Раввин хотел что‑то сказать, но вместо этого махнул рукой и пошел к двери. Пригибаясь и оглядываясь, мелким семенящим шажком он перешел улицу и скрылся в ночи.

 

В ожидании, что Филипп Боулер даст о себе знать, он устроился подручным в магазин старьевщика. Каждый день он обходил задние дворы в Берлин‑Митте, собирал старые одежды, утиль, мебель, руины человеческого прошлого и к вечеру катил тележку на склад к Роту, становясь невольным свидетелем его махинаций.

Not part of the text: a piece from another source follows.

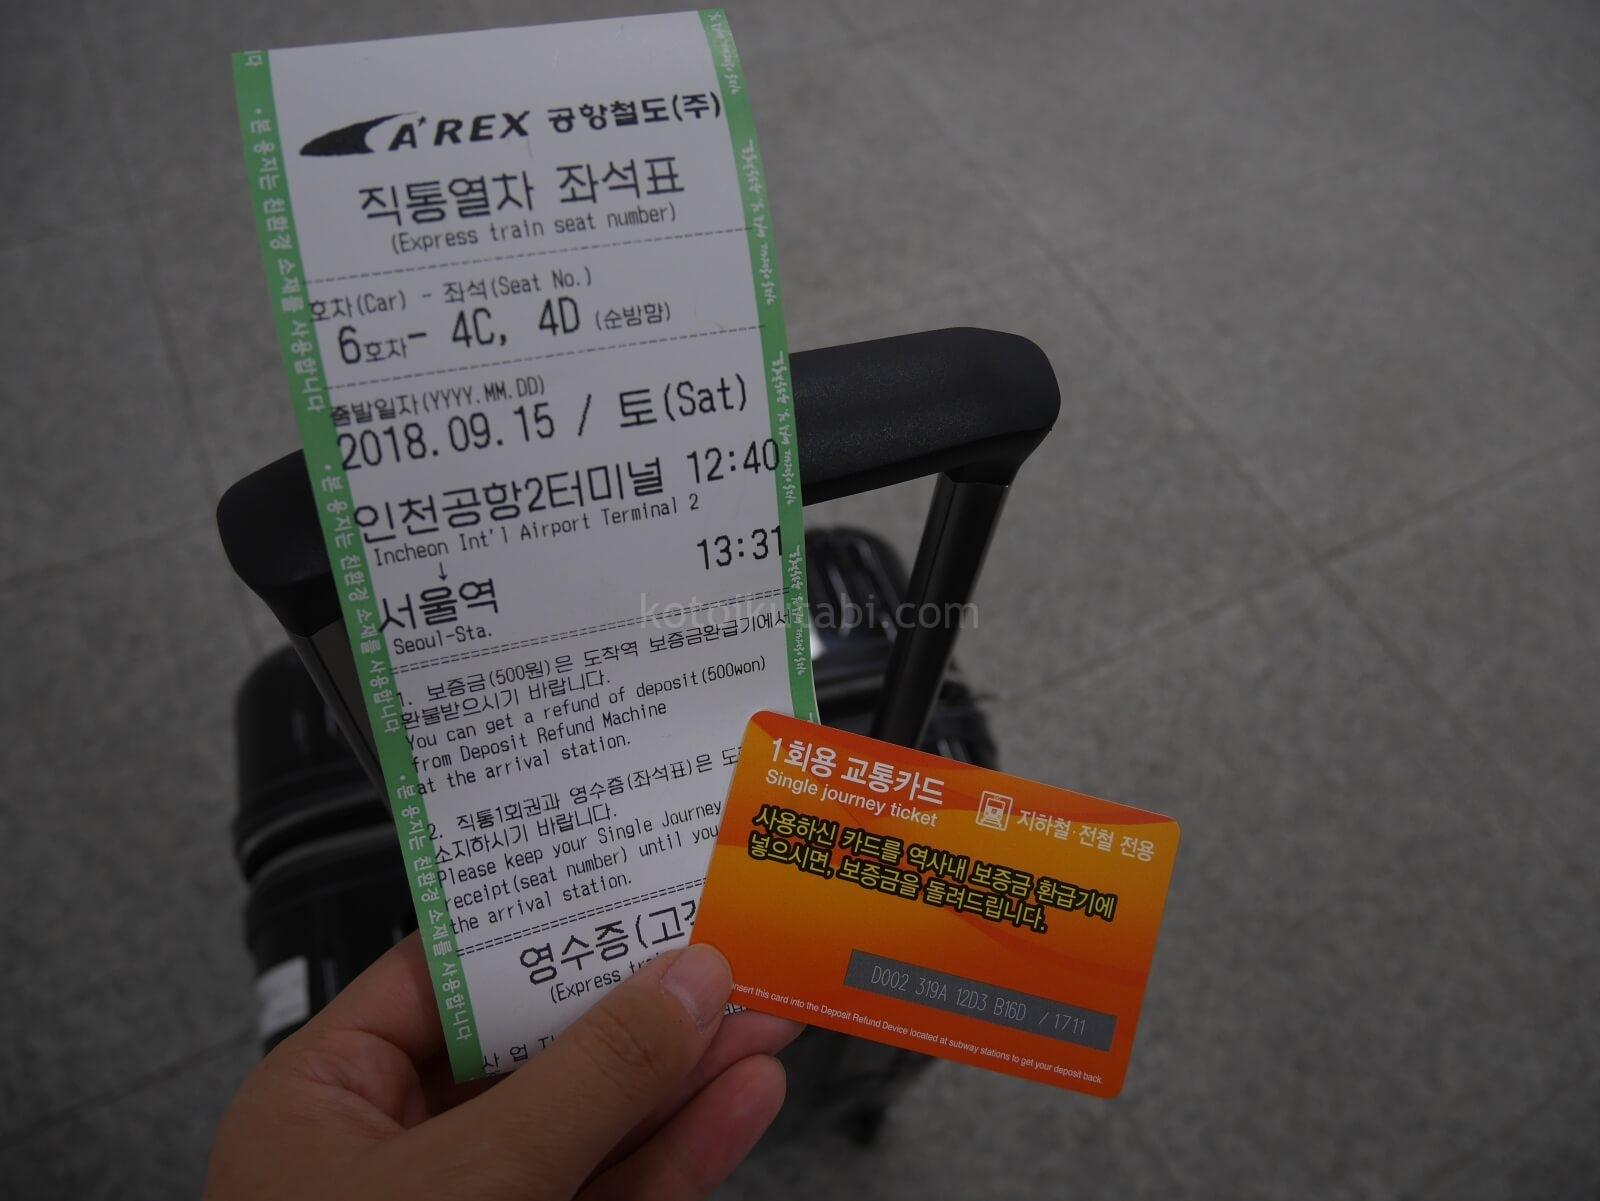 AREXエクスプレスのチケット

Он старался молчать. Он был мрачен и замкнут, ибо в душе его шла отчаянная борьба с забвением. Не так давно, перед встречей на этой странной вилле в Тиргартене, он был близок к сумасшествию. Именно тогда он отрастил бороду. Он хотел привести свою внешность в соответствие со все более и более изменяющей ему памятью.

С пронзительной грустью замечал он, как выцветают картинки памяти, как исчезают краски, детали, все, что делало память частью его личности. Он не помнил деталей – а разве не детали составляют фундамент воспоминаний?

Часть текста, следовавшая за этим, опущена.